MI SARGENTO "BOQUEMINA"
Al inicio de mi quinto de bachillerato, los jesuitas no me recibieron. Mi mamá movió
cielo y tierra y logró matricularme en el Colegio de Cristo de los Hermanos Maristas.
Mi nuevo colegio me pareció una física cárcel, un edificio blindado de puertas escasas que casi nunca se abrían. El rígido rector era llamado “el sargento Boquemina”, porque al hablar dejaba ver las numerosas incrustaciones de oro de su dentadura, refulgían. Su oficina se ubicaba junto a la única puerta accesible para los alumnos, donde se transformaba en un terrible guardián que los obligaba a hacer fila a la entrada para una ceremonia militar, con banderas incluidas y control total de los reclutas.
Me sorprendía la entrega del revólver que diariamente le hacía al rector uno de mis compañeros, que temía por su vida a causa de las luchas políticas que se daban en su pueblo de origen. Al salir del colegio el revolver le era devuelto y yo lo acompañaba durante un buen tramo, para disfrutar un cierto aire de peligro que rompía la rutina.
Una mañana, al salir para el colegio, Manizales brillaba con el sol y el magnífico espectáculo que ofrecían todos los picos tutelares despejados y relucientes por una tremenda nevada. Algo imperdible. Obedecí el mandato de la naturaleza y me tendí al sol en el parque Fundadores, cercano al colegio, dedicandome a disfrutar el paisaje en vez de entrar a “la cárcel”. Poco me duró el gusto. A la espalda sentí un conocido carraspeo autoritario, miro hacia atrás y el paisaje nevado se trasformó en un “Boquemina” vociferante. Regañado y cabizbajo me tocó entrar a la que sentía como una prisión.

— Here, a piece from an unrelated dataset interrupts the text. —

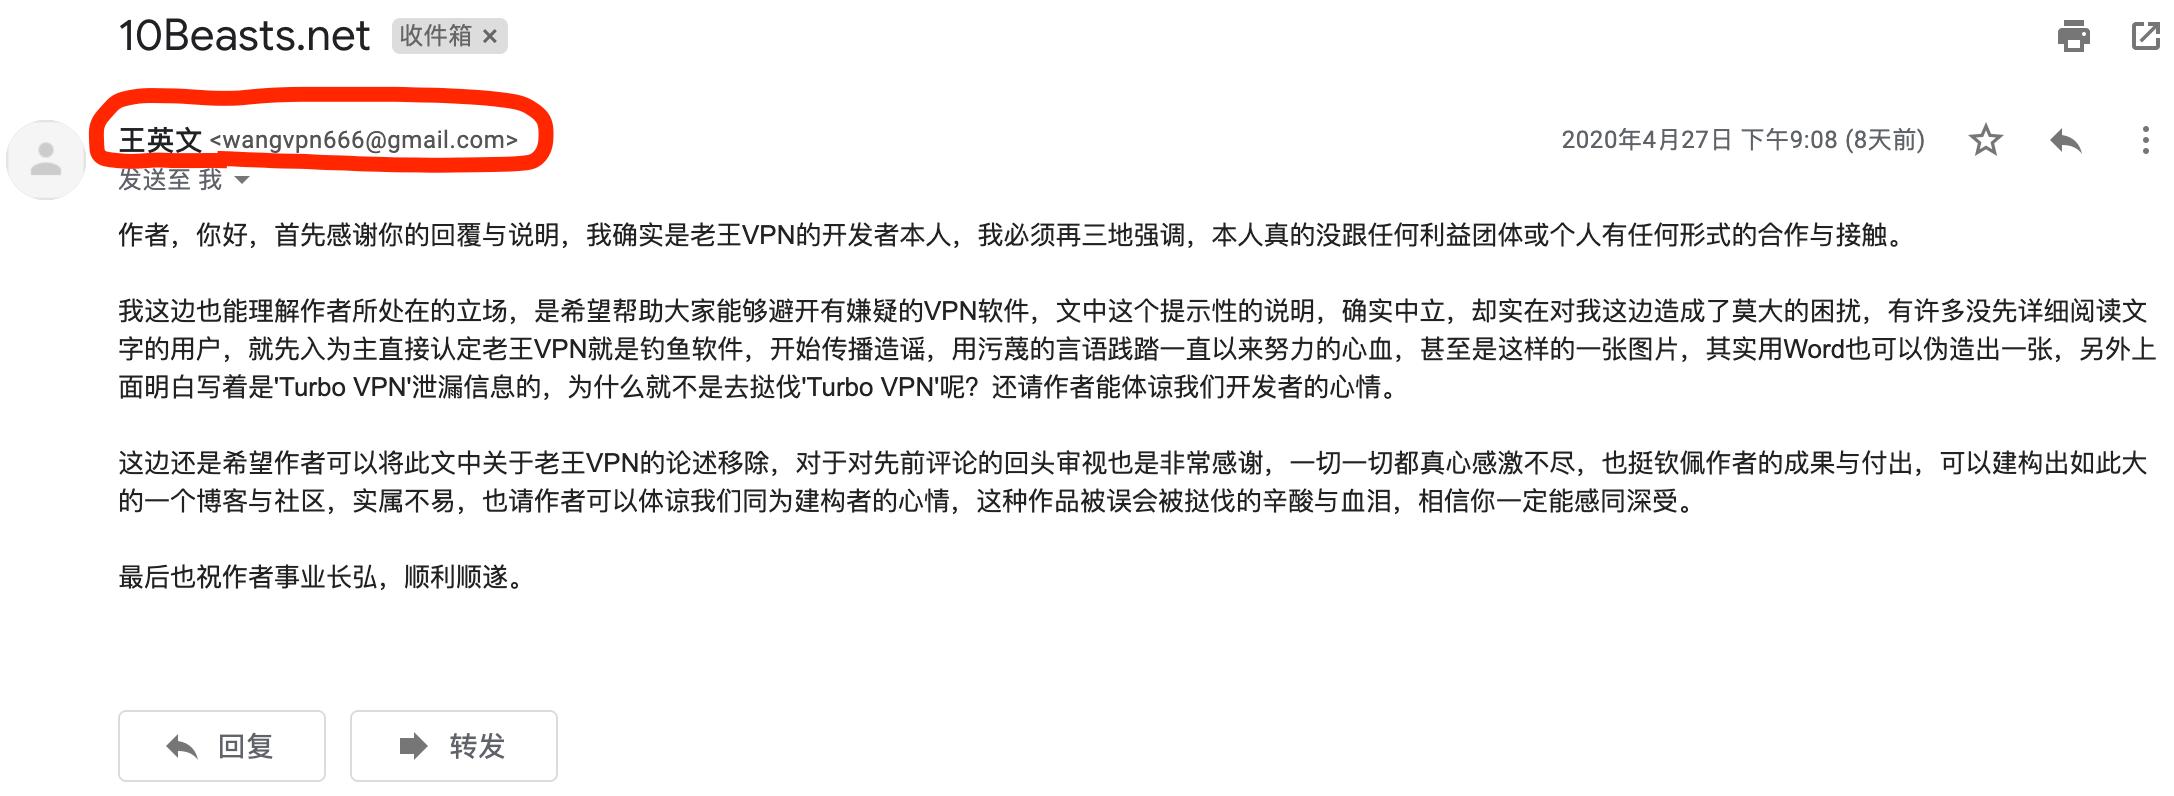 """VPN""""的作者邮件声明 2020-05-05 at 11.03.57"""

El director de cada grupo dictaba casi todas las materias. En algunas de ellas aún utilizaba textos en los que había estudiado mi mamá. Uno de los hermanos, profesor de filosofía, utilizaba una “chasca”, una especie de trompo de madera que se golpeaba con un palito sujetado con cauchos para hacer un ruido seco y así pedir silencio; el obsoleto instrumento y los sistemas didácticos me hacían sentir en la Colonia.
Entre mis condiscípulos había uno de familia boyacense, de apellido Pachón, que sufrió desde siempre rechazo y envidia: su familia era bastante rica. En las zonas frías del departamento de Caldas ya era notoria la presencia de una colonia boyacense, sencilla, trabajadora y conocedora del cultivo de la papa. Muchos habían llegado expulsados por la violencia en su región al comienzo del régimen liberal de 1930. Valorizaron esas tierras y sus bolsillos, pero los exitosos no eran bien vistos por la clase alta manizaleña. A Pachón lo mantenían arrinconado y todo lo malo se lo imputaban: “¿Quién botó el balón?”, y el curso repetía: “Pachón, Pachón”. Pero a la salida del colegio por la tarde, los envidiosos pasaban a que dicha familia los atendiera en su excelente edificio cercano al colegio y a jugar billar gratis.
Yo tenía una perra pastor collie llamada Katia, que en el patio de atrás de mi casa, tuvo la primera cita de amor con un magnífico perro de los Pachón. Al can le quedó gustando y al otro día se escapó, entró a mi casa, y en plena sala, donde las tías recibían una visita, el perro le repitió la dosis a Katia, ante el horror de tías y visitantes. Pensaron que todo lo que tenía que ver con los Pachón era terrible.
Dos de mis nuevos compañeros de gran tamaño y ánimo burlón, buscaban reírse de mi baja estatura. Al caminar por la carrera 23 (la calle real) se ubicaban uno a cada lado y cuando estábamos para cruzarnos con algunas niñas conocidas me agarraban del antebrazo, me subían hasta su altura y decían en voz alta: “a saludar enano”, y yo, entre la rabia y la sensación de ridiculez que me causaba tener los pies en el aire, no lograba hacerlo.
Terminé quinto año de bachillerato en ese colegio. En el fondo estoy agradecido con mi sargento pero solo me acuerdo de él cuando visito al dentista.